The lookup-table (LUT) based FPGAs have been a popular technology for VLSI ASIC design and system prototyping. A K-input LUT (K-LUT) can implement any function of up to K variables. The goal of LUT-based FPGA technology mapping is to cover a given network using LUTs such that either area or delay is minimized or routability is maximized in the final LUT network. The delay of a network can be estimated by the number of levels (i.e. depth). Two factors affect the mapping solution depth: the gate decomposition before mapping and the mapping algorithm. Several LUT mapping algorithms have been proposed for depth minimization [6, 9, 2]. In particular, the FlowMap algorithm [2] guarantees a depth-optimal mapping solution for any K-bounded network. However, FlowMap can not be applied directly to unbounded networks.
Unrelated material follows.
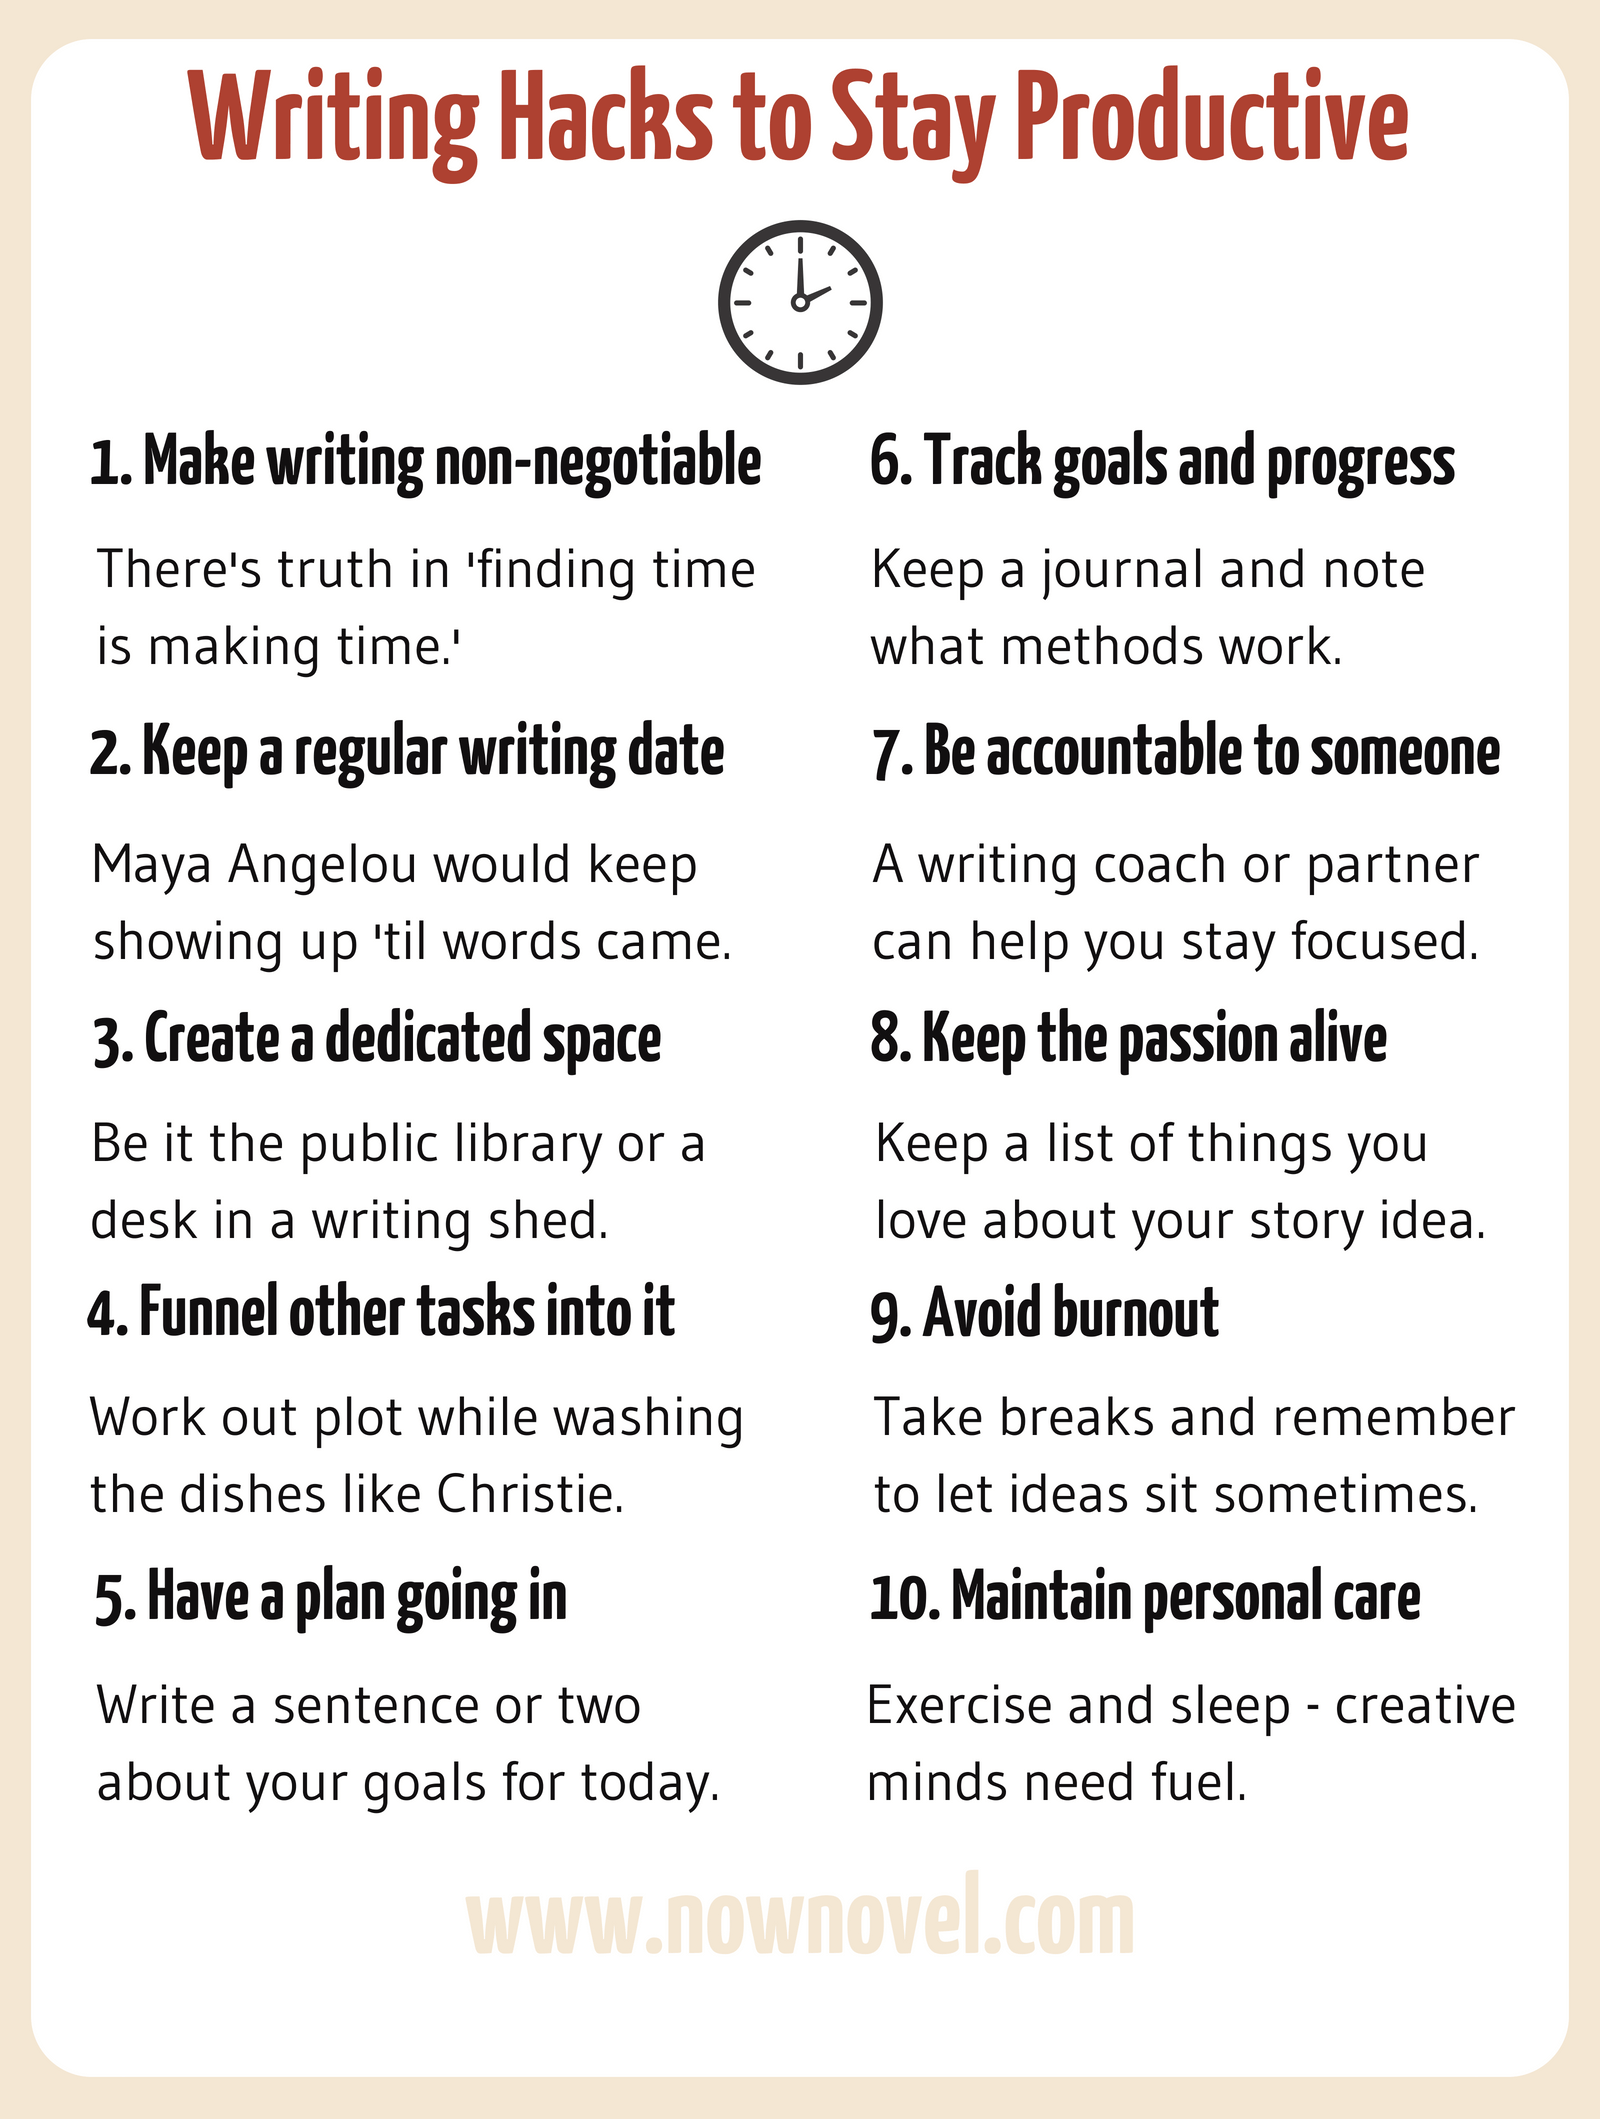 Writing hacks to keep writing and stay productive - infographic | Now Novel

Gate decomposition can be classified into structural decomposition and Boolean decomposition. The structural decomposition replaces multi-fanin (simple) gates by fanin trees while the Boolean decomposition decomposes the functionality of gates. This paper focuses on structural decomposition for depth minimization in LUT mapping.

Gate decomposition affects the mapping solution depth significantly. For example, assume K=3. The network N in Figure 1(a) is not K-bounded. If node v is decomposed in the way shown in Figure 1(b), there is no way to obtain a mapping solution of depth less than 3. However, if the decomposition shown in Figure 1(c) is carried out for node v, a mapping solution of depth equal to 2 can be obtained. Even for K-bounded networks, the depth of mapping solutions computed by FlowMap may decrease if gates are *further* decomposed before mapping [4].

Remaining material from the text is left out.